Выбрать главу

Малатеста несла два чемодана, и, хотя они явно оттягивали ей руки, никто не сделал попытки ей помочь, да она никого и не просила об этом. Женщины, стоявшие в очереди у фонтана, все заметили ее, но и виду не подали, что заметили. Я плохо разбираюсь в одежде, однако даже совсем несведущий человек понял бы, что вещи на ней дорогие и, что называется, «высшего класса».

— Должно быть, немцы задали им жару в Риме, — сказал Бомболини.

— Они приезжают сюда, только когда стрясется беда.

— Видно, муженька-то ее в тюрьму упрятали. Как же это его звали?

Никто не знал.

— Его, наверное, убили, — сказал кто-то, и все кивнули и на минуту умолкли.

— Вы только посмотрите, как идет! Топ-топ, топ-топ, топ-топ. Точно манит — иди сюда, милый.

— Сука она. Мужиков с ума сводит. А больше ни на что не годна. Женишься на такой — в постели жарко будет, а вот в желудке пусто, — говорили они. Есть здесь такая поговорка: «Что в руки не дается, то, говори, дрянь». Этим они и занимались, только я тогда этого не знал.

— Но она же красавица! — вырвалось у меня по-итальянски, однако никто этого не заметил. А она действительно была хороша — таких красивых женщин я в жизни не видывал.

Однажды утром я проснулся и почувствовал, что в комнате холодно; перегнувшись с кровати, я выглянул на площадь и обнаружил, что на горах за домами лежит снег. Ночью там, наверху, разыгралась не увиденная и не услышанная нами буря — великое сражение между южной жарой и северным холодом, а утром белые реки потекли вниз по склонам. Когда Анджела принесла мне похлебку, я сказал:

— Подойди к моему окошку, и ты увидишь что-то очень красивое.

Она поставила похлебку, подошла к окну и присела подле него — в эту минуту она показалась мне такой красавицей. Я как-то не замечал до сих пор, что она тоже хороша, только красота у нее была простая, непритязательная.

— Я ничего не вижу, — сказала она.

— На горах-то. Там ведь снег утром выпал.

— А-а, ветер переменился. — Она снова повернулась ко мне. — Ветер переменился и унес с собой лето. Это хорошо для винограда. — Она говорила со мной на местном диалекте и нисколько не была удивлена, что я отвечаю ей и понимаю ее. — Теперь ночи будут холодные, а дни теплые, — сказала она. — От этого виноград наливается сахаром.

— А тебя не удивляет, что я разговариваю с тобой? — спросил я.

— Мы всё гадали, когда вы начнете говорить, — сказала она. — Вы же здесь уже сколько недель.

— А тебе не кажется, что я неплохо говорю? Она пожала плечами.

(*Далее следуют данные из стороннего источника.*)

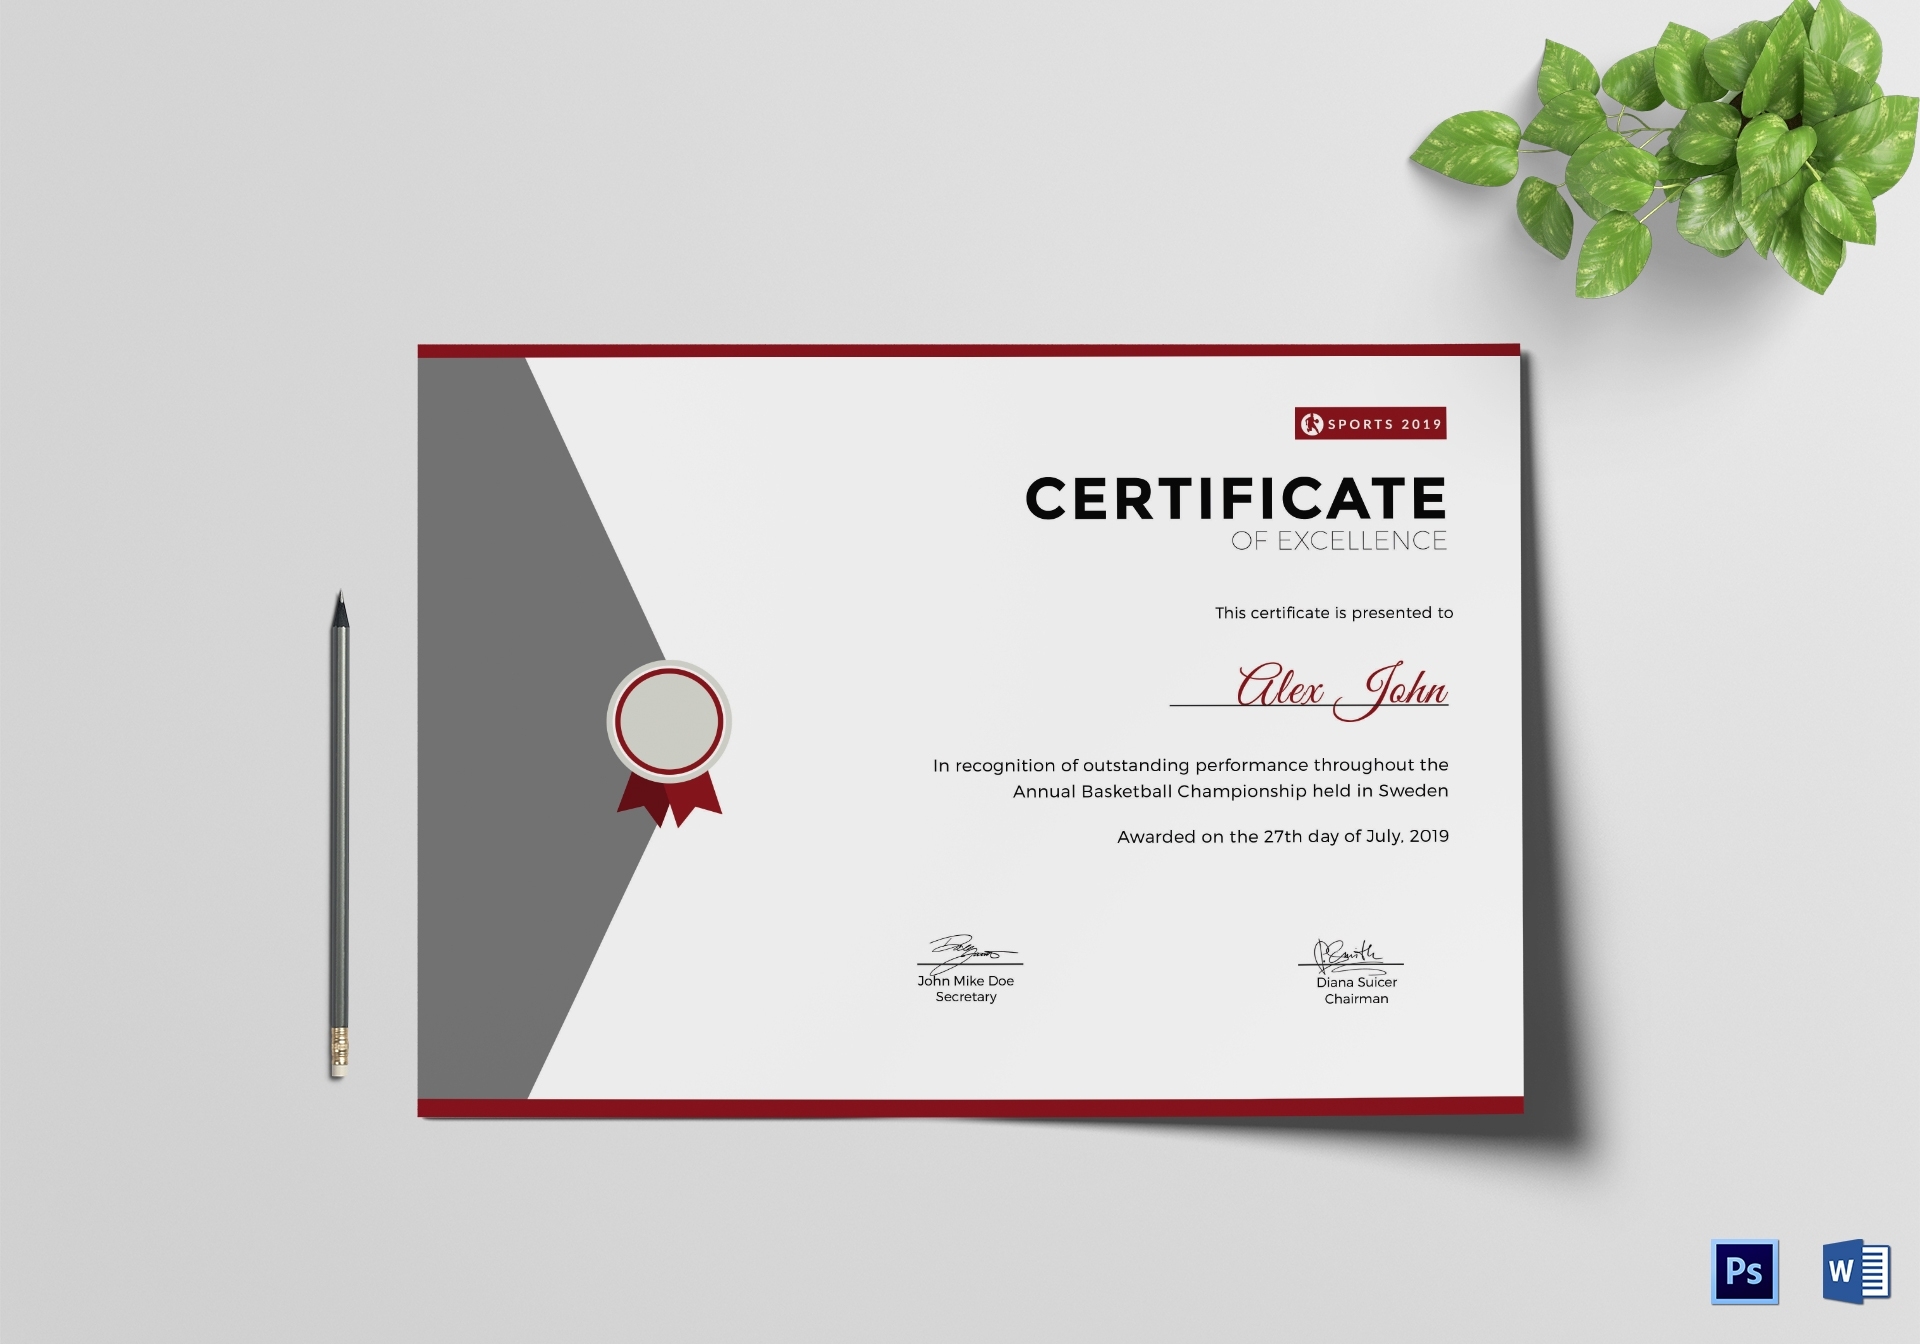 Prize Excellence Certificate Design Template In Psd, Word inside Award Of Excellence Certificate Template

— Ребятишки ведь с двух лет говорить начинают. А вы взрослый.

Тем не менее, спустившись вниз, она сообщила всем, что я заговорил, и, хотя это никому не показалось чудом, ее сообщение заинтересовало и даже взволновало всех, потому что теперь от меня мог быть какой-то толк. И Бомболини в сопровождении нескольких членов Большого Совета бегом поднялся ко мне в комнату.

— Мне сказали, что ты говоришь, и даже совсем не плохо, — сказал он. — Вот и хорошо. — Он схватил мою руку и изо всех сил принялся ее трясти. Потом повернулся к остальным: — Ну, что я вам говорил? Что я вам говорил насчет него? — И он снова так тряхнул меня за руку, что у меня даже нога заныла. — Это человек не простой. Это человек особый. Перед нами существо высшей породы.

Он снова пожал мне руку и, так и не услышав от меня ни слова ни по-итальянски, ни на местном диалекте, спустился вниз.

Из всех, обсуждавших внизу этот вопрос, один только Фабио, казалось, не был потрясен моими познаниями в их языке.

— Просто так уж у него устроены мозги, — заявил он. И тут же принялся рассказывать всем, кому не лень было слушать, про идиота, которого наняли у них в академии чистить уборные и который за один месяц выучил немецкий язык.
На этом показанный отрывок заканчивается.